Democrats have appointed more judges than Republicans. Of those judges, the two parties largely assign similar portions of profession to the bench. Some clearest discrepancies appear though:

Some intuitive

  • Republicans appointed more private attorneys
  • Democrats appointed more politicians

 Some counter-intuitive

  • Republicans appointed (slightly) more government officials
  • Democrats appointed (significantly) more military officers (early in the twentieth century, when military appointees were more common, Democrats were more often in the White House during and immediately following major wars, e.g. Wilson, FDR, Truman…)

 Both parties have appointed from academia at very similar rates.

As for judges, the focus of this analysis, Democrats have appointed from the state and local bench at a very slightly higher rate.


Over time, across parties, state and local judges are the most common current source of federal judges. That trend continues to grow, after a post-wartime trough.


A similar trend exists for appointees from the private sector. The growth is even sharper in recent years, with formerly private attorneys potentially overtaking state and local judges soon in the overall appointment trend. According to Elizabeth Warren, conservative Senators have increasingly litmus-tested judges and, as a result, the Obama administration relies on the private sector more. She said in February that “it's unsurprising that the president and a majority of the Senate gravitated to nominating corporate lawyers…that most conservative senators could not object to.” As for Republican administrations, a preference for the private sector exists already, as defined earlier.

Warren and other Democrats have called for more public servants to be nominated (though Democratic Presidents actually have historically nominated from government slightly less than Republicans). The appointment of public sector employees brought into the federal has indeed been relatively flat, but has risen somewhat since the 1970s.



 Comparing all six separate categories together in one chart offers a more complete picture though.
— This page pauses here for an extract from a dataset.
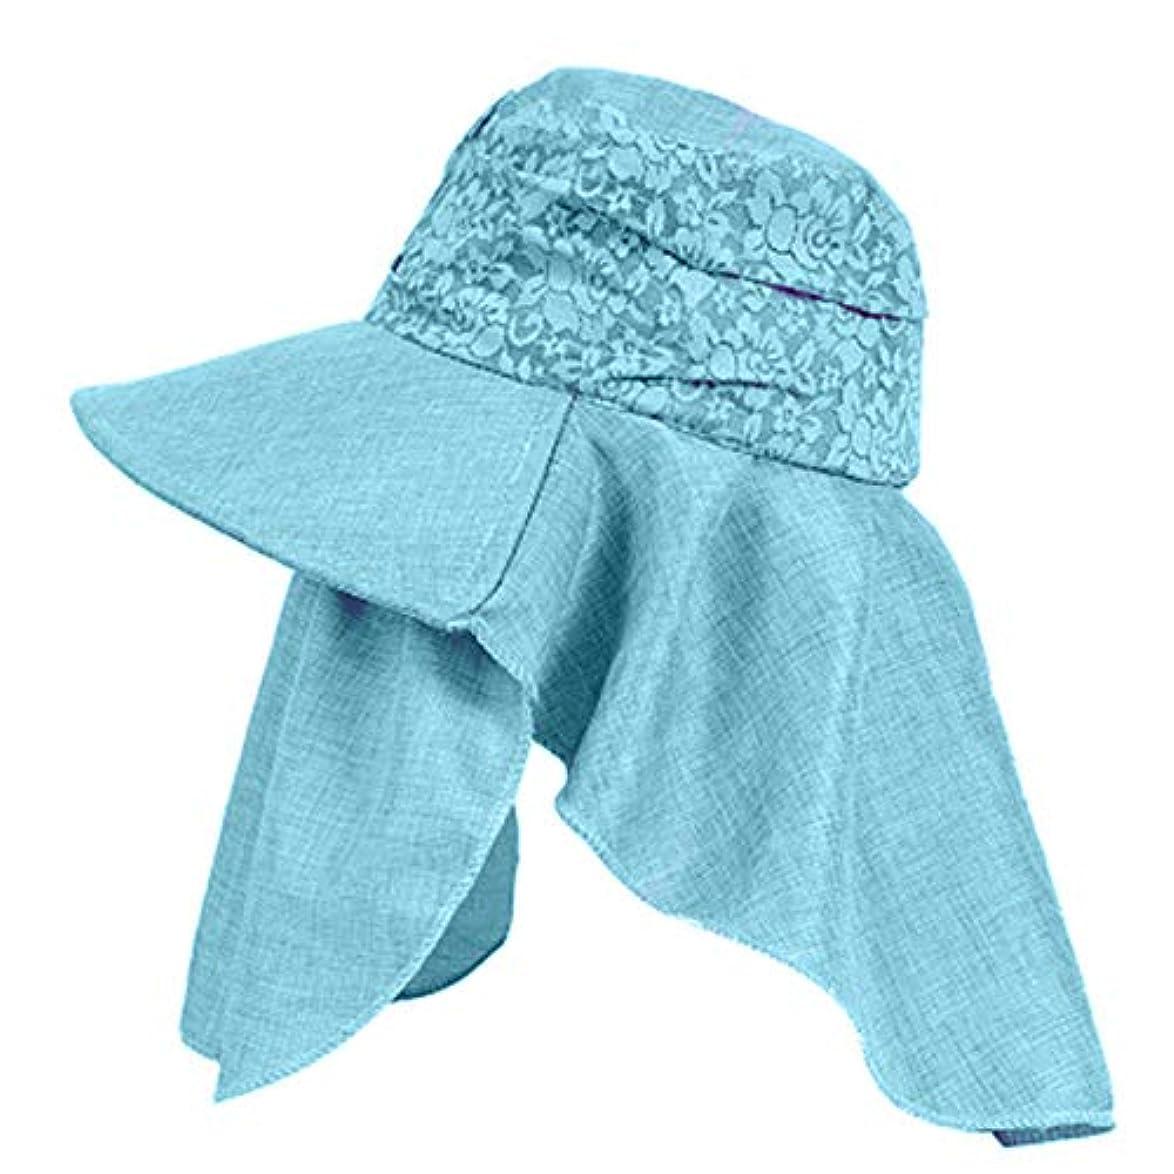 生活暗くするぴかぴかMerssavo 女性の夏の日曜日の帽子、バイザーカバーの表面の反紫色のライン旅行日曜日の帽子、ガーデニング、ハイキング、旅行、1#
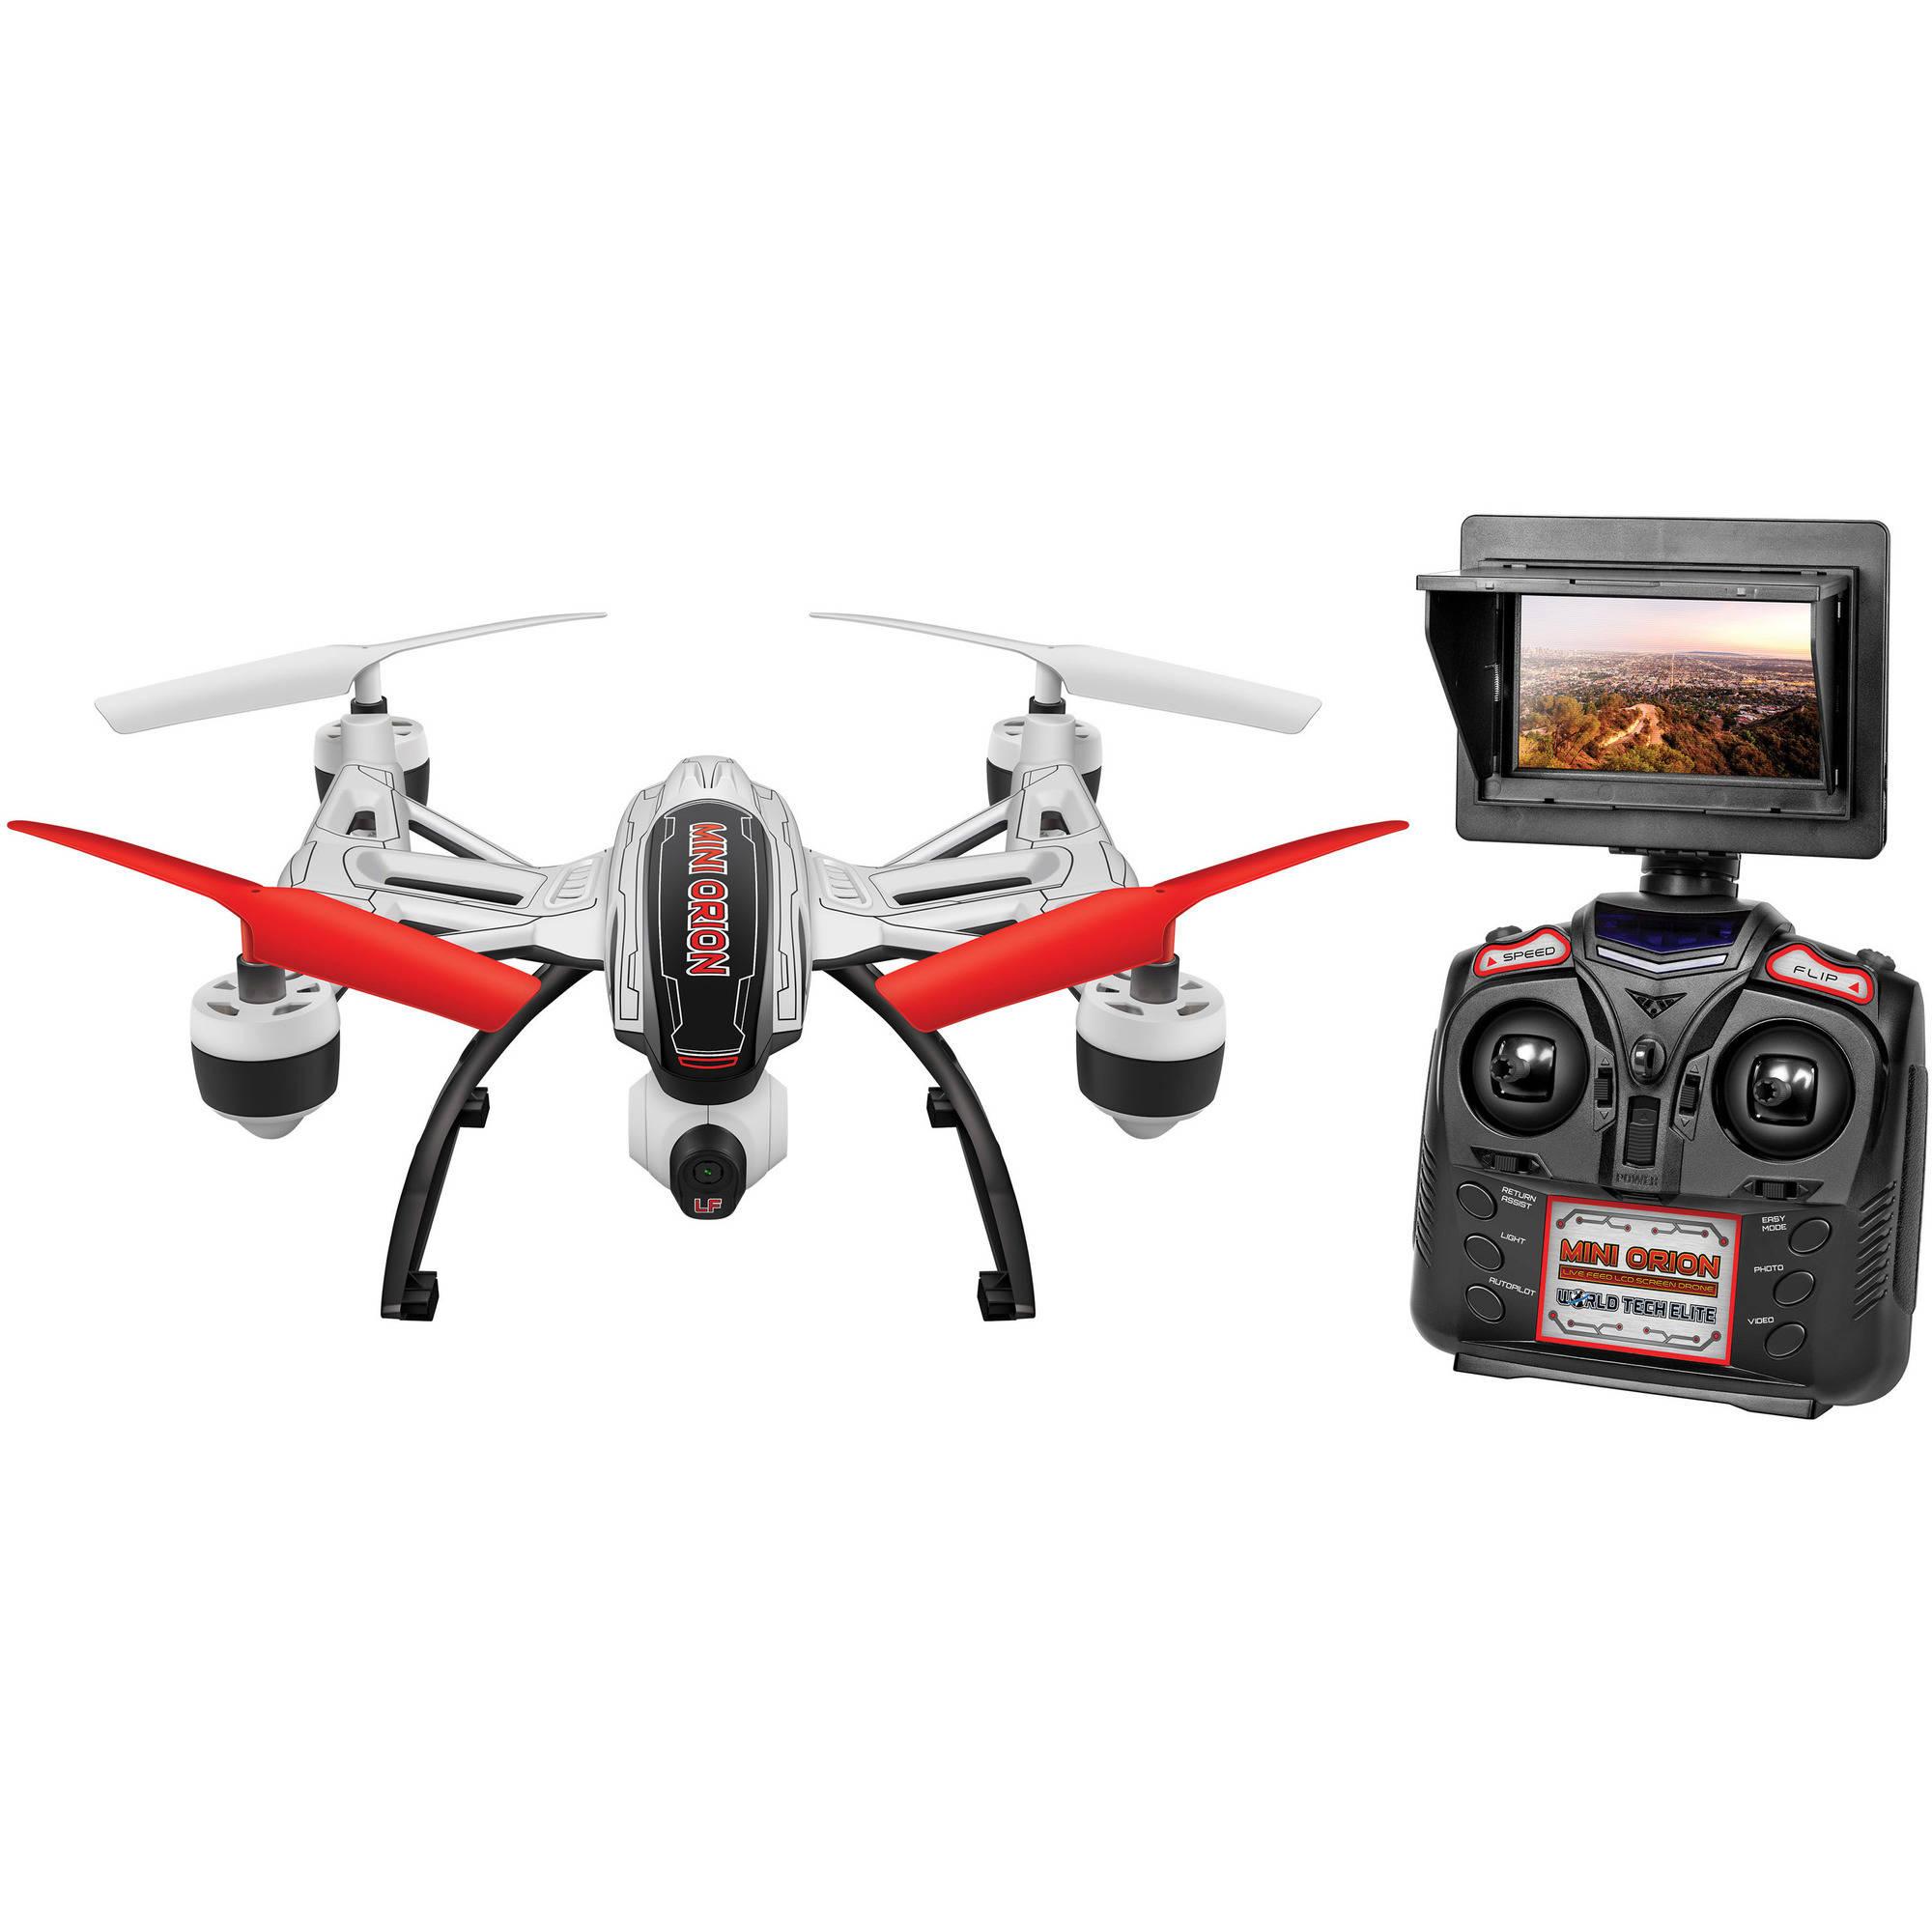 Mini Orion Camera Drone Quadcopter $35 @ Walmart $34.97 online

Here’s a lattice of all the judges appointed after 1900:

And the same lattice using smoothed trendlines:

The trends mentioned earlier are clearly visible. Interestingly, the direct appointment of elected officials (politicians) has declined precipitously.

Further Steps

  1. The categories create are based on personal interpretation and handpicking character strings. This process is open to two potential issues:
    1. My interpretations could be incorrect.
    2. The character strings might mistakenly categorize
      1. As an example, the string “Justice” could be contained in “Department of Justice” (government) or “Justice, Superior Court” (judge). In this instance, I disambiguated this issue by checking instead for “Department of Justice” and “<BR>Justice.”
      2. Clearly, other such errors could be present in the categorization process. From sanity checks though, I’m largely confident in the data.
  2. I created the dummy variables for each category, but didn’t use the dummy variables. Obviously, there are federal judges who fall into multiple categories. Given that many candidates clerked for other judges, worked in government, taught in academia, and privately practiced law before their final occupation coded in the “prior” variable, I didn’t want to over-emphasize those common backgrounds.  Judges, in particular, once on the bench, don’t tend to leave for another profession. Private practice isn’t really revealing unless it’s the profession an attorney held at the time of appointment. That said, I capture the dummy variables because they may offer some interesting cuts to the data. It may serve in a regression analysis, or offer a revealing look at whether public sector employees are really getting appointed at a lower rate, or if they’re just passing through another profession before entering the federal bench.
  3. Analyzing the demographic data would be great.
  4. The Federal Judiciary Center includes a "Judge Identification Number" that appears internal to their system, but it could potentially be a variable upon which I could merge other datasets. For instance, adding a database of nominees (rather than actual appointees), might offer other interesting insights.